I mean, aside from having multiple ways to do the same thing it’s all pretty straightforward. Right? Well… in theory it is. In reality, we deal with real people who don’t know SharePoint like you and I, many of whom are not technical at all. Users, I love them to death, but if you try to make something simple to use, they will complicate it immediately. Take external Sharing for example.  When inviting external users to your SharePoint site there are some key principles you must understand, or you are going to have frustrated users (both internal and external).

Without further ado, here is what everyone needs to understand about inviting external users to your SharePoint sites in Office 365:

A “User” doesn’t exist in SharePoint until they accept the invitation

You invited an external user to your SharePoint site. That’s awesome. However, no “User” exists in SharePoint for that external person until they accept the invitation email and sign in with their Microsoft account.  That means you can’t assign them tasks, alert them, or do anything with their account until they accept the invitation.
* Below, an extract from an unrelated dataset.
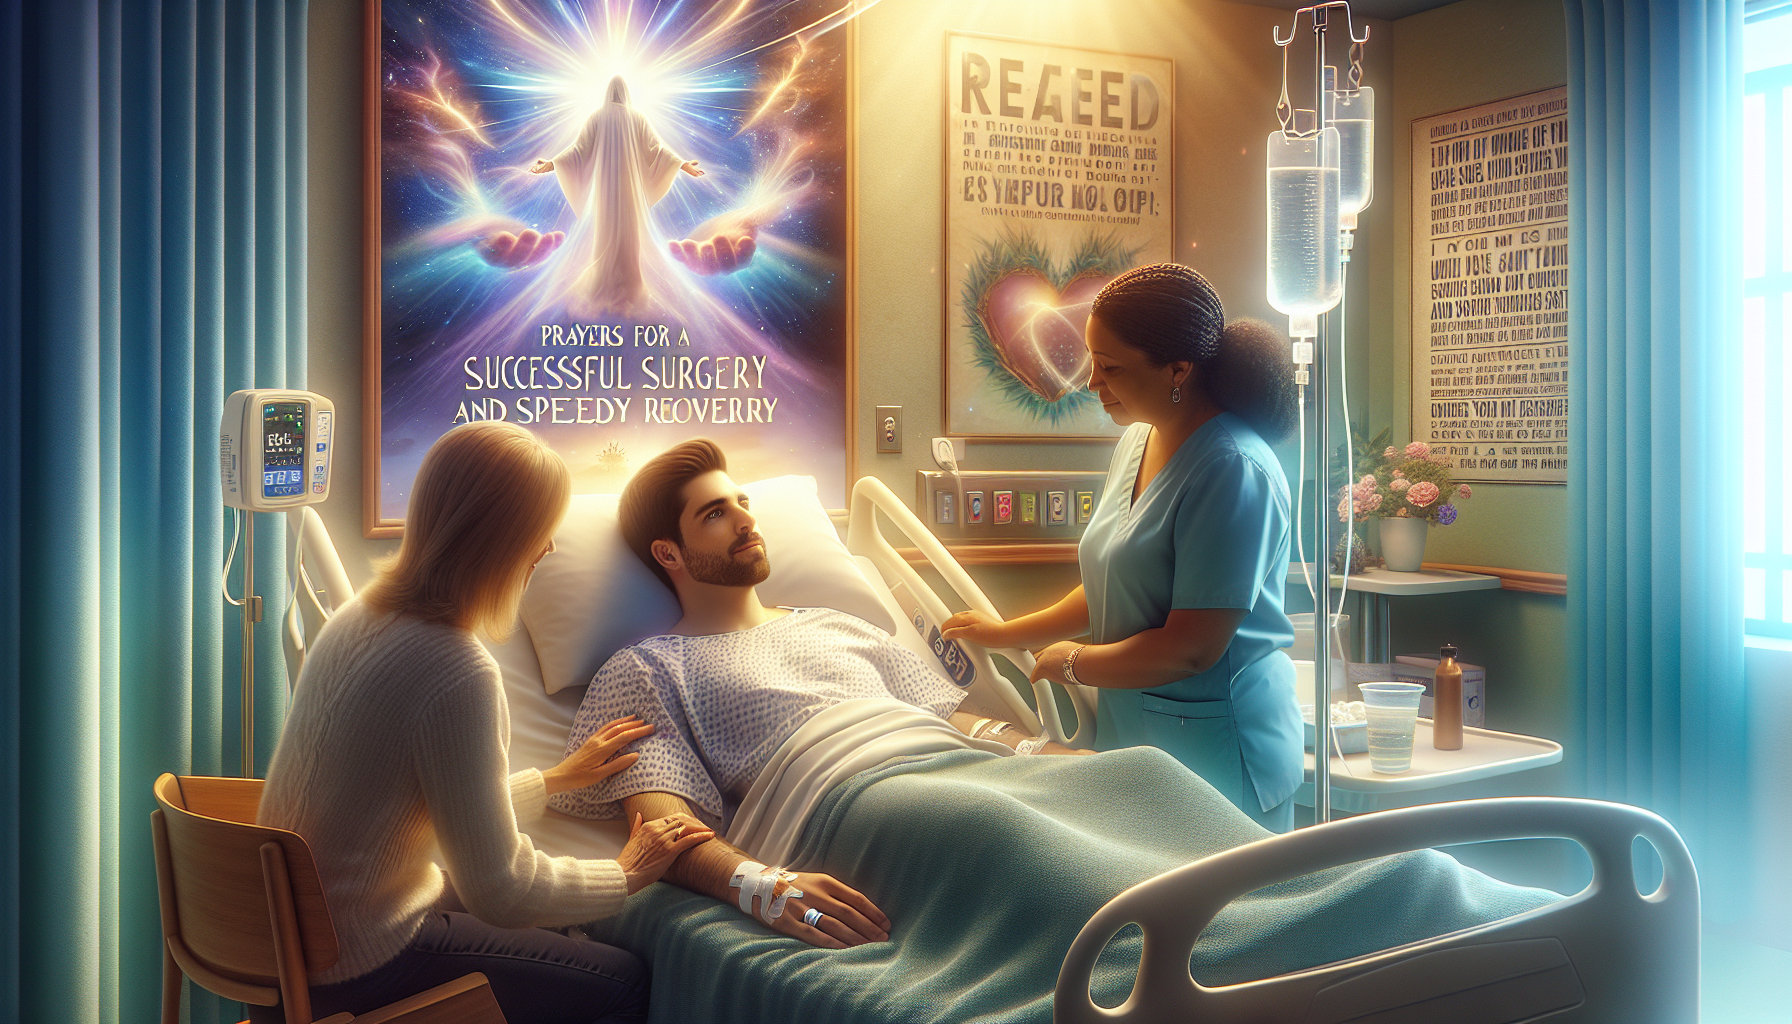 A warm and serene hospital room with soft, natural lighting. A patient lies in a bed, looking peaceful and hopeful. Beside the bed, a family member holds the patient's hand with a gentle, reassuring t

It also means they cannot log in to the site without accepting the invitation first! This may seem like common sense to you and I, but when an end user gets an email saying “Hey, I can’t find that invitation email” they may respond with “Here’s the URL to the web site so you can log in.” (yes, this happens).  So, THEN the external users tries to log in to the site with their email address and it doesn’t work. So, the external user emails the end user back again saying “I don’t have permission?”… Not to worry! The End User is smart enough to know that you have to log in with your Microsoft Account.  So, the end user replies “You do have permission, you just need to log in with your Microsoft Account”.  So, the external user then tries to log in with their Microsoft account and they are still getting “You need permission to access the site” messages. 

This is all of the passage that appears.